In corsa le cadute come la sua sono all’ordine del giorno. Succedono, è normale. Il gruppo è un organismo che gode di vita propria, si espande e si dilata, si contorce, si allarga, si restringe. La velocità di avanzamento al suo interno è fatta da tante micro correnti diverse, proprio come il flusso di un fiume che scorre e s’incanala nel suo alveo. Al Tour de France l’alveo è la strada e il fiume sono i corridori. Il gruppo avanza a velocità uniforme ma ogni corridore viaggia alla propria, frenando e accelerando continuamente. Ciascun elemento del gruppo controlla andatura, posizione ed equilibrio con milioni di micromovimenti, frenate, pedalate e correzioni continue.

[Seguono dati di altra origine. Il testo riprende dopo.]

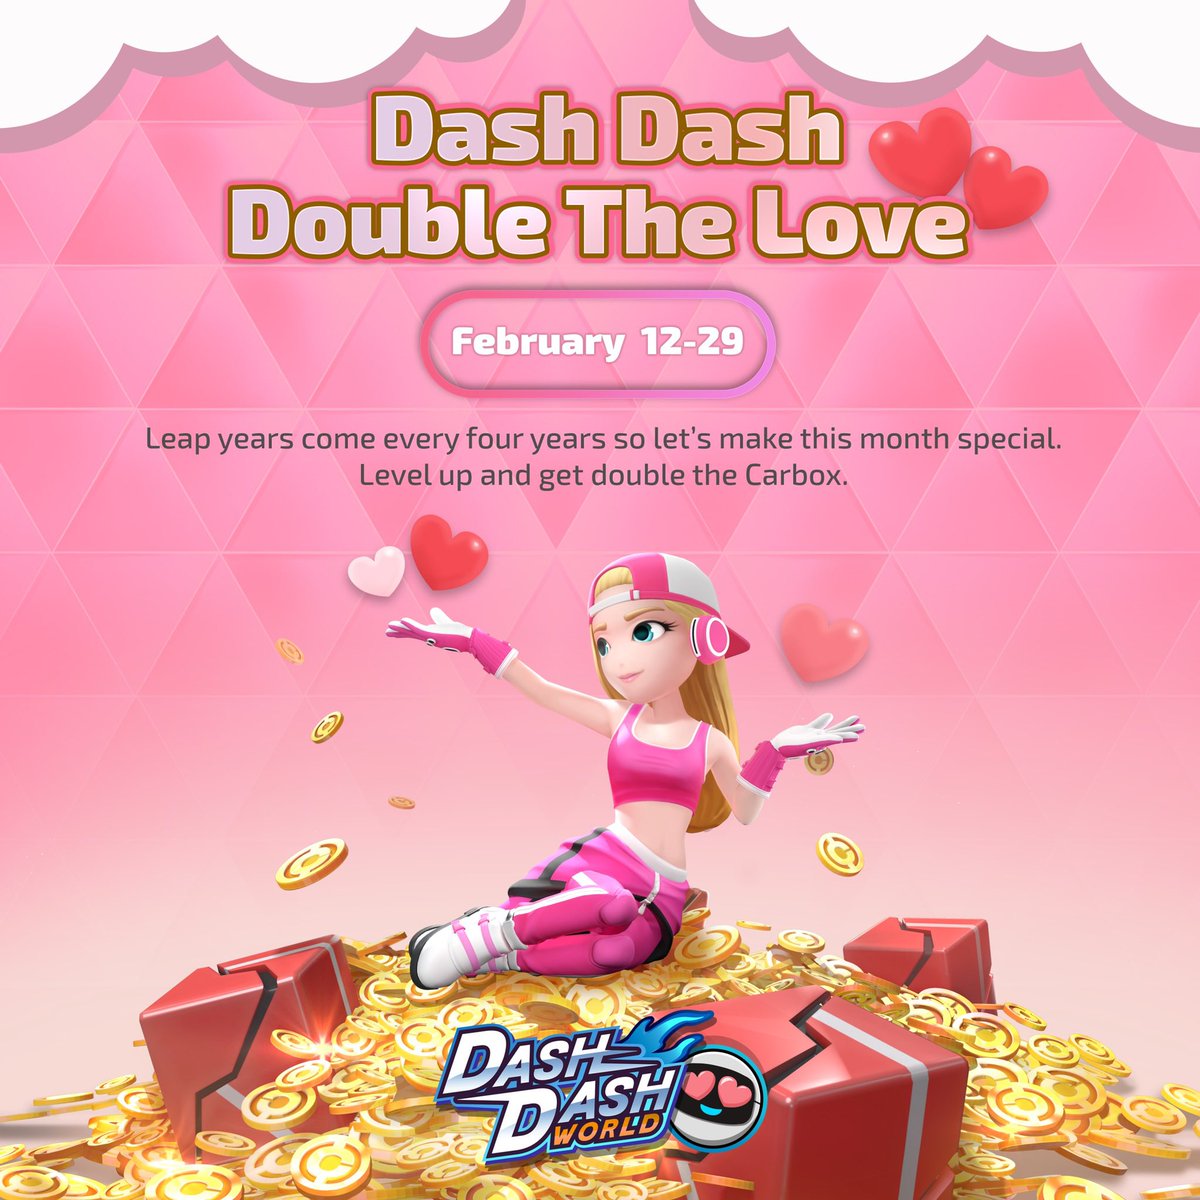 💗Double up on the love this February!💗

😎Level up and get x2 Carboxes🍫🍫

#DashDashWorld #OpenBeta #OculusQuest #OculusLink #OculusRift #PSVR #SteamVR #alpha #beta #test #GamersUnite #SupportSmallStreamers #indiedev #indiegame #vr #ar #ux #ui #racing #kartracing #womeninvr

La caduta in sé è stata banale: mancavano poco più di 63,5 chilometri dall'arrivo e le ruote di alcuni corridori invece che sfiorarsi soltanto, si sono toccate. Un contatto provoca un altro contatto e un leggero colpo di freni o una sterzata, la quale provoca un altro contatto più deciso e un altro contatto che si trasforma in un ondeggiamento del gruppo e in altri contatti e altre frenate, leggeri cambi di direzione. È successo così, il gruppo andava a bassa velocità, su un rettilineo. Il gruppo è il gruppo, un organismo vivente che inspira e espira. Poi ogni tanto, un colpo di tosse. In tre corridori sono andati giù. Quelli davanti manco se ne sono accorti e quelli dietro si sono allargati e ristretti come un rivolo d’acqua che aggira un ostacolo. Un leggero colpo di freno prima e poi qualche pedalata in accelerazione, e il gruppo era già oltre.

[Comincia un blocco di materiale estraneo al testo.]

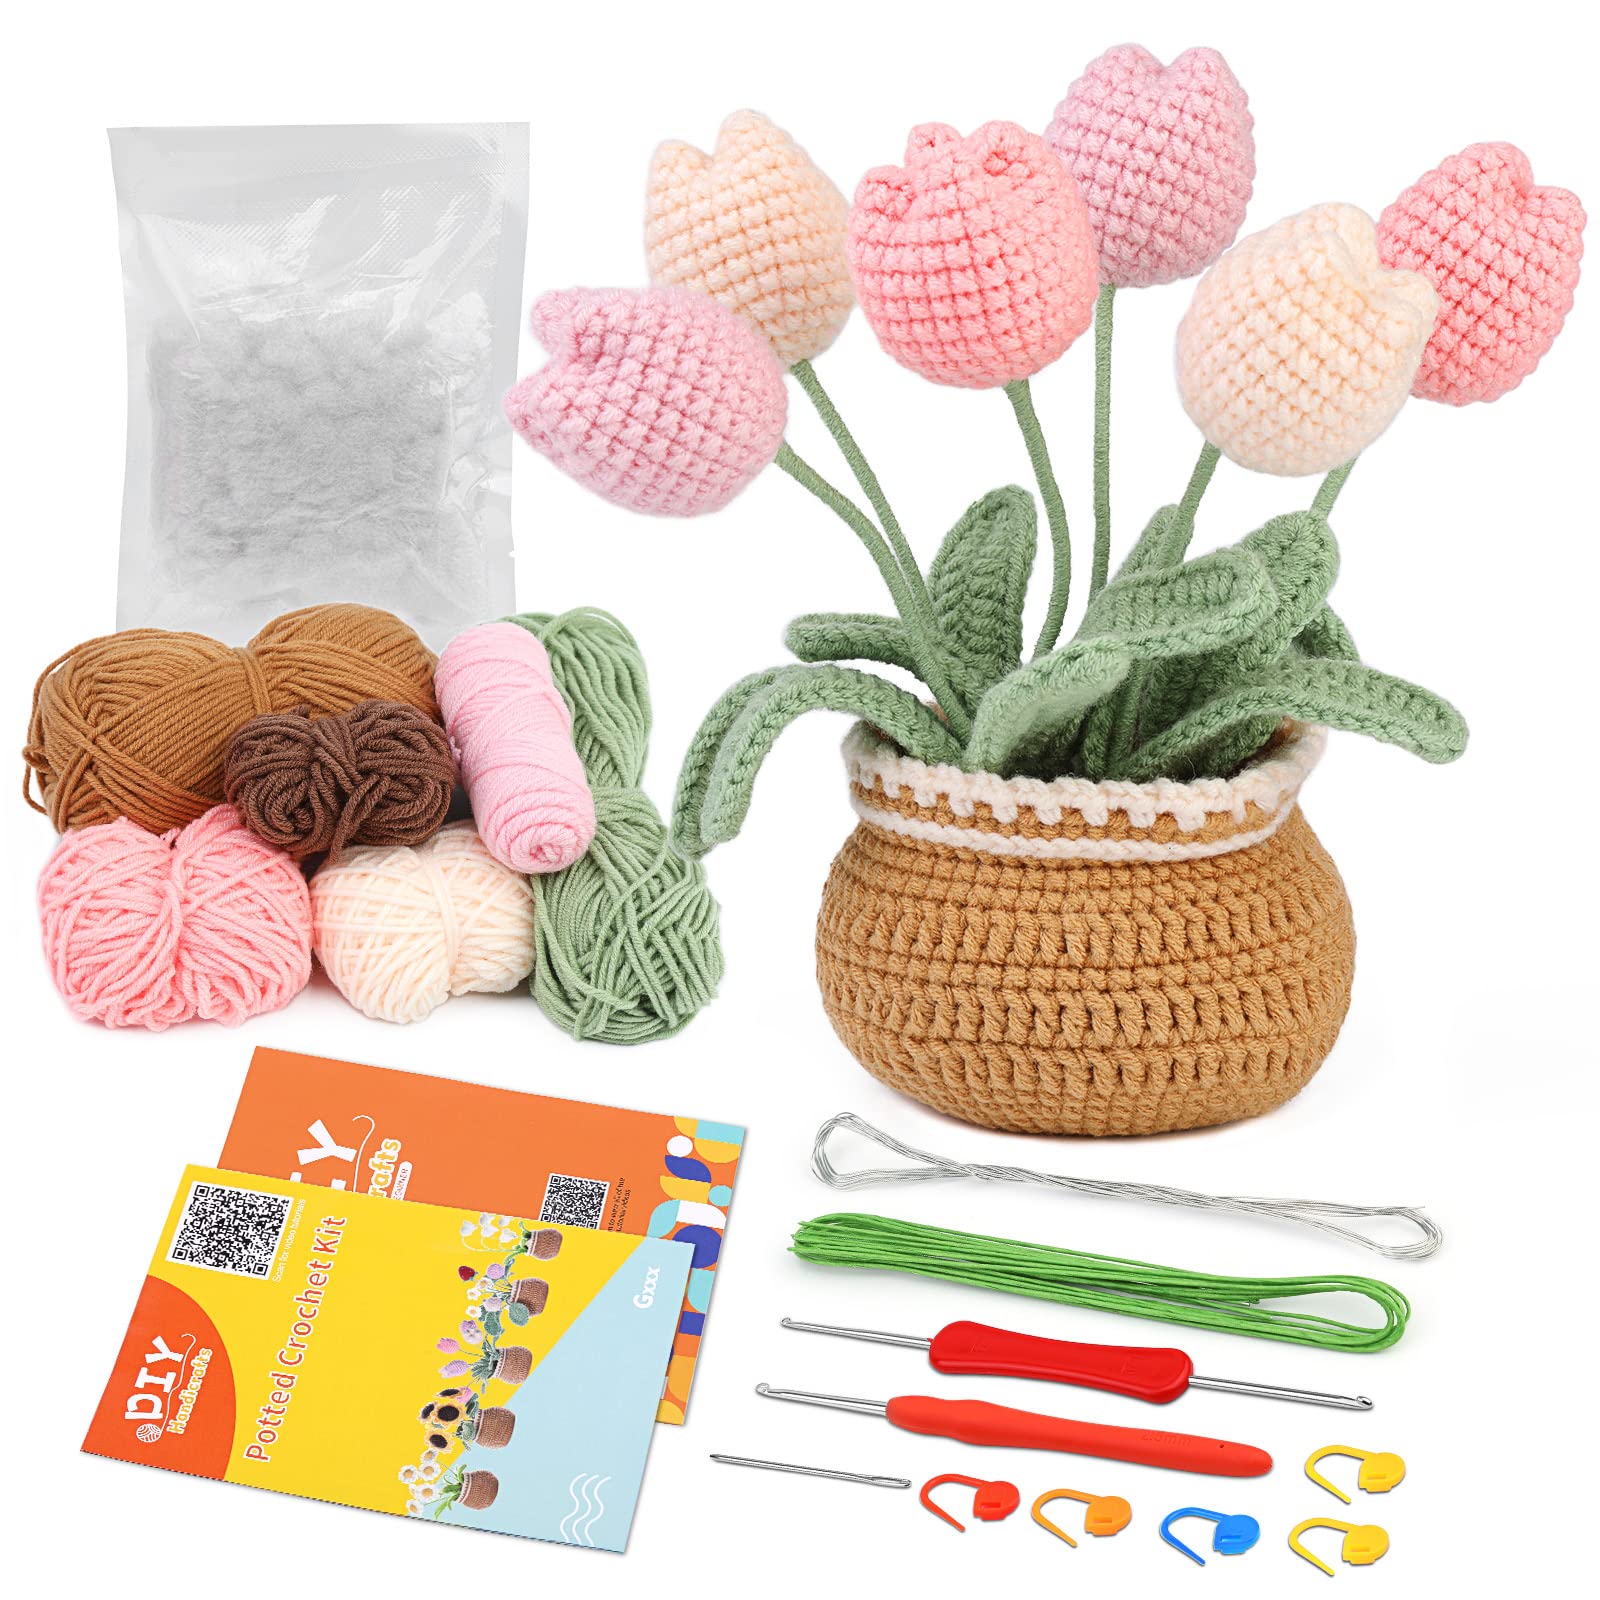 FECLOUD Crochet Knitting Kit for Beginners - Multicolored Potted Tulip for  Beginners Adults, Step-by-Step Video Tutorials, Learn to Knit Kits for

A terra c’erano tre corridori: Lawson Craddock e Pello Bilbao che si sono rialzati subito, e poi ce n’era un altro vestito di azzurro. Maglia Astana. Era proprio lui, Mark Cavendish, quello che non doveva essere. Intorno c’erano già due suoi compagni di squadra che avevano risollevato la sua bicicletta da terra e la tenevano in piedi, pronta, dopo aver controllato che fosse tutto in ordine: freni, ruote, manubrio, catena, era tutto a posto. Erano già pronti a ripartire veloci e a scortarlo in gruppo. Mark Cavendish invece restava a terra, si è immediatamente sollevato e messo a sedere e poi immediatamente sdraiato di nuovo sull’asfalto. Era lì, immobile e si teneva la mano sulla spalla destra, intanto gli altri corridori se ne erano quasi andati tutti, a quel punto.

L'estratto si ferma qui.